Droit à l’information : le parcours du combattant pour les autochtones en Papouasie
20 mars 2023
En Indonésie, le droit à la terre, à l’information et au libre consentement des autochtones est inscrit dans la constitution. Mais l’exemple de Boven Digoel, en Papouasie, montre à quel point il est difficile de le faire respecter.
Hendrikus Woro est épuisé. Il ne sait pas combien de fois il s’est déjà rendu à pied au bureau de l’environnement du district de Boven Digoel. Quatre kilomètres aller, quatre kilomètres retour, et toujours en vain. Hendrikus souhaite simplement s’informer sur ce qui se passe actuellement dans un territoire forestier sur lequel les autochtones ont un droit constitutionnel. Car l’État agit comme si la forêt lui appartenait totalement et la donne en concessions à des entreprises sans demander l’avis de la population.
Nous, propriétaires de terres autochtones, nous voyons refuser le droit à notre forêt et à l’information.
Le gouvernement a apparemment attribué 280 000 hectares de territoires forestiers aux entreprises d’huile de palme dans le district de Boven Digoel, sans demander son consentement à la population ni même l’en informer. Sauvons la forêt avait évoqué cette affaire dès 2020 dans l’article "Début des déboisements pour la plus grande plantation d’huile de palme du monde". On ne sait toujours pas à ce jour quelles sociétés sont impliquées et où se trouvent exactement les limites de cette immense zone.
Une chose est sûre : ce territoire est habité depuis des générations par les Awyus, dont Hendrikus Woro, et d’autres peuples papous.

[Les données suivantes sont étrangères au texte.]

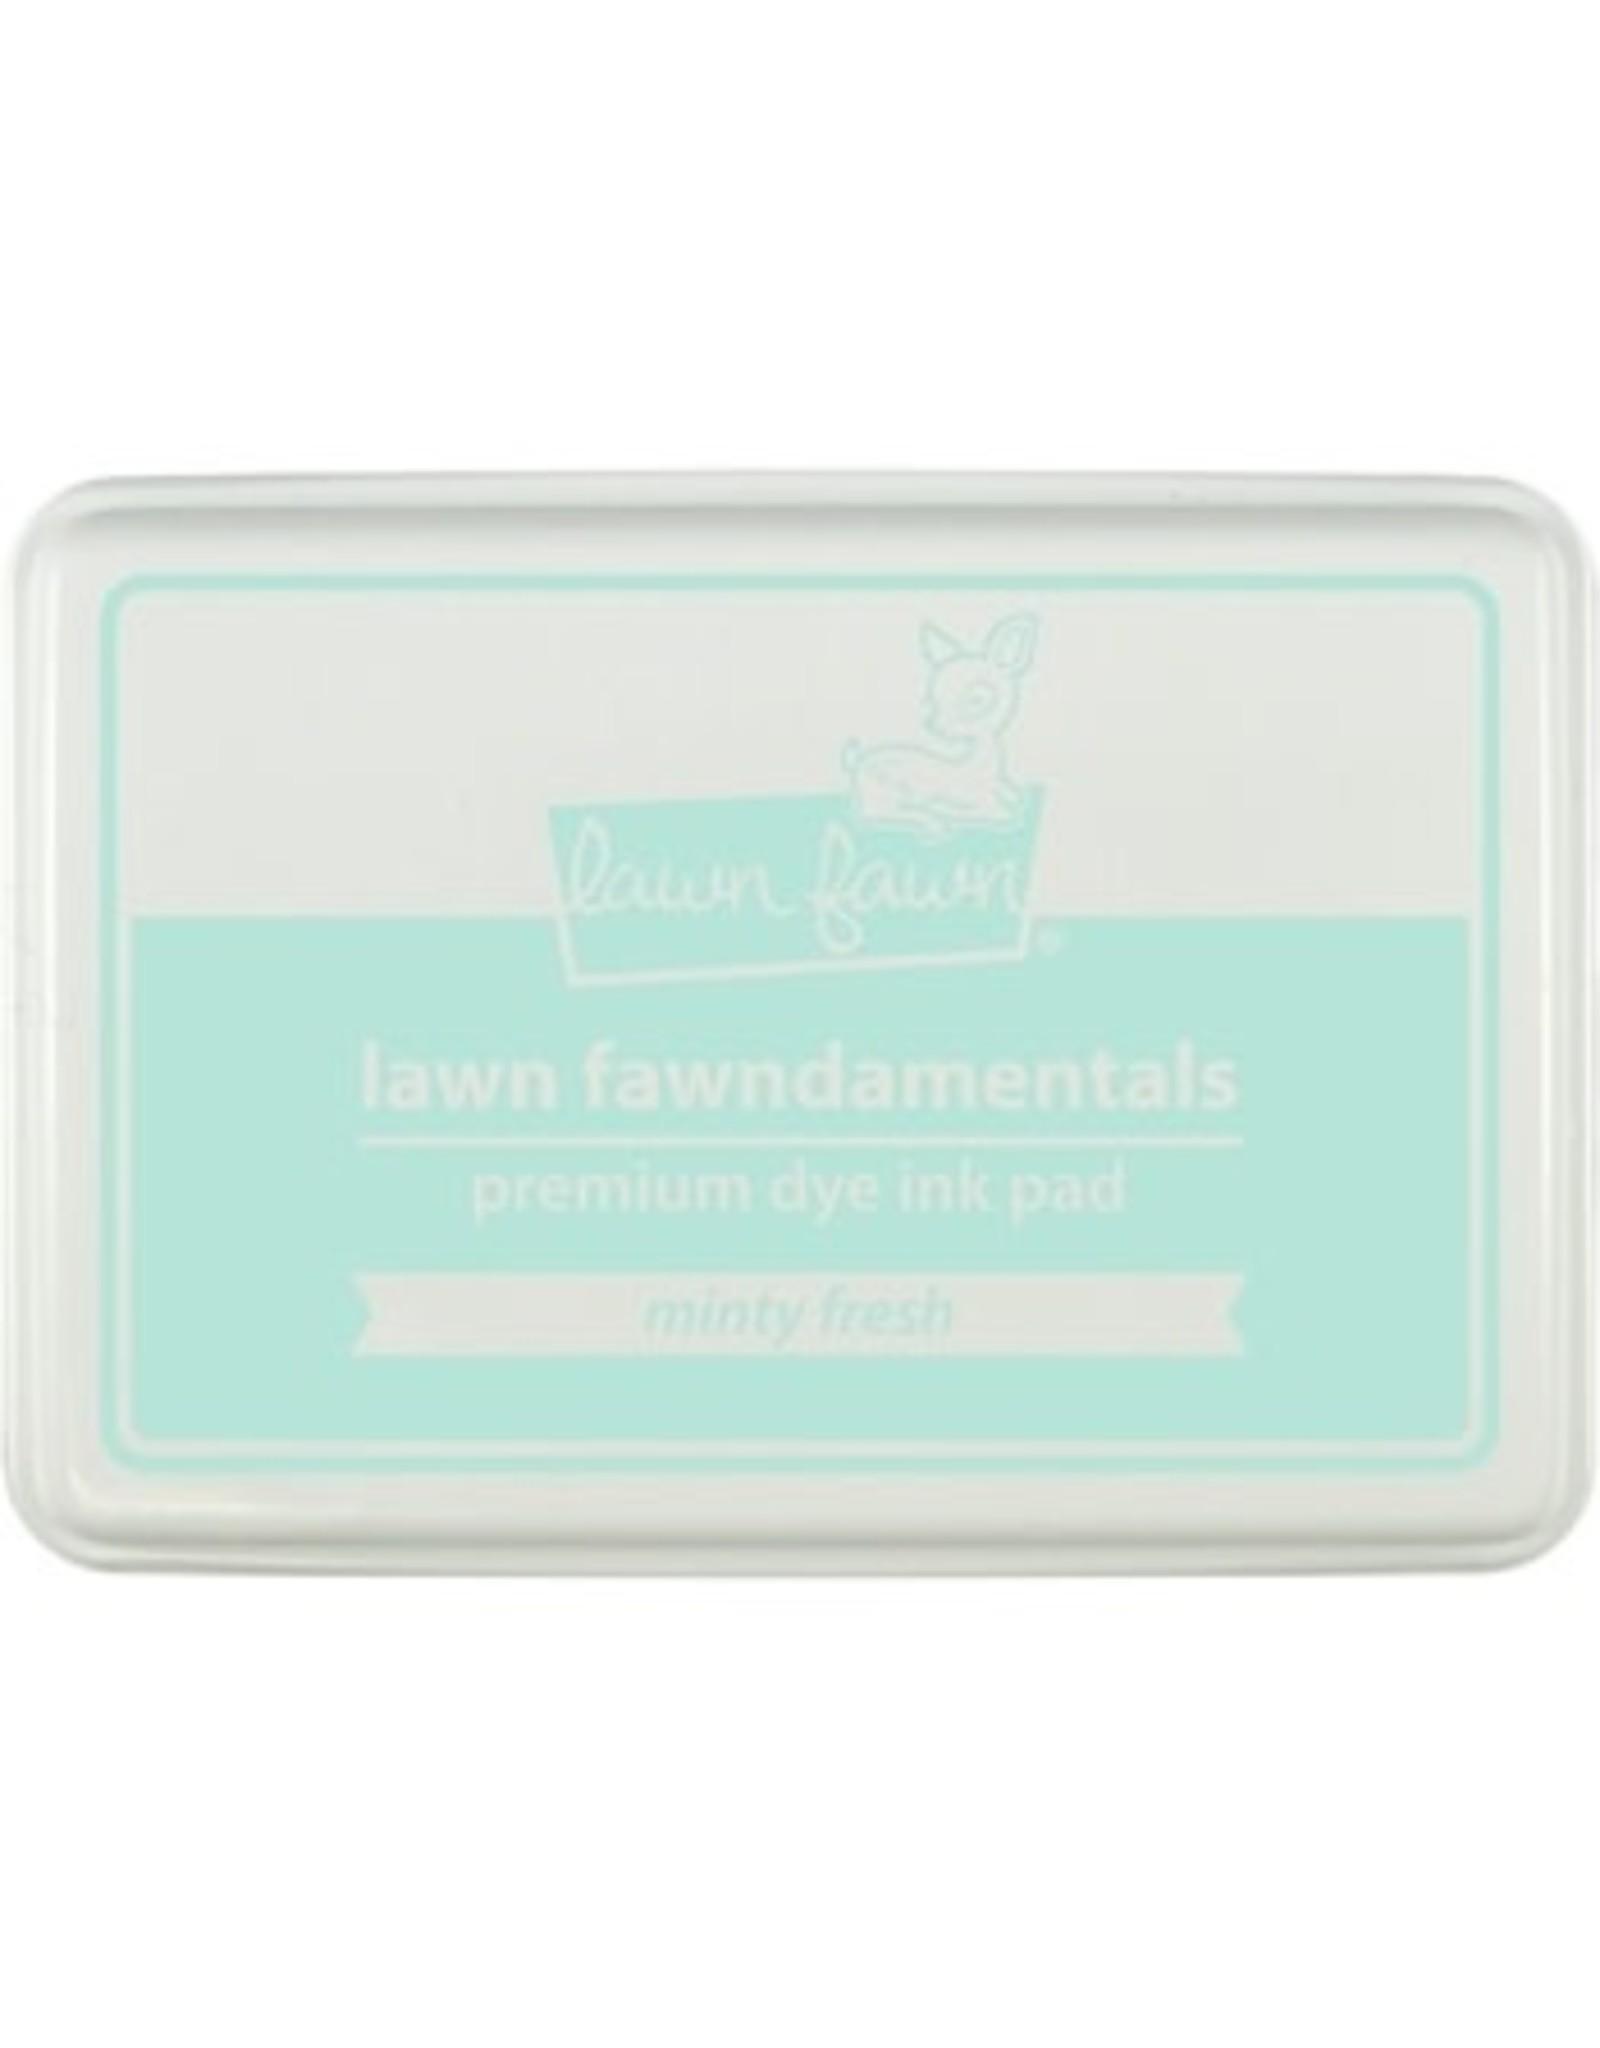 Lawn Fawn Lawn Fawndamentals Dye Ink Pad - Minty Fresh

Depuis que des rumeurs ont circulé sur la conversion de la forêt en plantation de palmiers à huile, Hendrikus tente de se renseigner auprès des autorités. Les Awyus ont toujours clairement manifesté leur opposition à la destruction de la forêt, ce qui est leur droit.
Selon la constitution indonésienne, les autochtones ont le droit à l’information. Or, ni les sites internet officiels ni les journaux ne donnent d’informations sur ce méga-projet qui acterait la fin de la plus grande forêt tropicale de la région Asie-Pacifique. Les Awyus ont sollicité différentes administrations à plusieurs reprises, mais se sont fait éconduire. Sur toutes leurs lettres envoyées, une seule a reçu une réponse. Il s’agissait du bureau des investissements, qui se déclarait incompétent. Les efforts d’Hendrikus Woro prouvent que les autochtones se voient toujours refuser le droit à l’information avec des arguments fallacieux.
Le district de Boven Digoel se trouve au sud-est de la Papouasie, la partie indonésienne de l’île de Nouvelle-Guinée. Une forêt tropicale dense, avec d’imposants merbaux et de nombreuses espèces endémiques, couvre presque toute la région, à l’exception de la concession d’exploitation forestière du tristement célèbre groupe Korindo.
Un port a été construit sur le cours supérieur du fleuve Digul, long de 500 kilomètres, en 2021. Des bateaux ont déchargé de l’équipement lourd et les coupes à blanc ont immédiatement commencé. Femmes et hommes papous ont décidé d’organiser un rituel pour sauver leur forêt. Les arbres ont été marqués en fonction de leur signification :
Quiconque coupe cet arbre sera sévèrement puni selon la loi traditionnelle.
Alors que tout espoir semblait perdu, les Awyus sont entrés en contact avec notre organisation partenaire Pusaka et une association d’aide juridique. Résultat : les autorités ont rendu l’accès à l’information encore plus difficile. Elles exigent des listes complètes des autochtones, de toutes les personnes revendiquant des terres, de tous les foyers, de toutes les organisations, la présentation de toutes les cartes d’identité ainsi que d’autres documents. C’est une exigence quasiment impossible à satisfaire dans cette région reculée et isolée, qui n’a presque pas d’infrastructures. Pusaka a cependant obtenu une copie de l’étude d’impact environnemental. Le fait que cette dernière existe signifie que des concession ont effectivement été attribuées à des entreprises d’huile de palme dans cette grande zone de forêt tropicale, sans la consultation ni le consentement de la population.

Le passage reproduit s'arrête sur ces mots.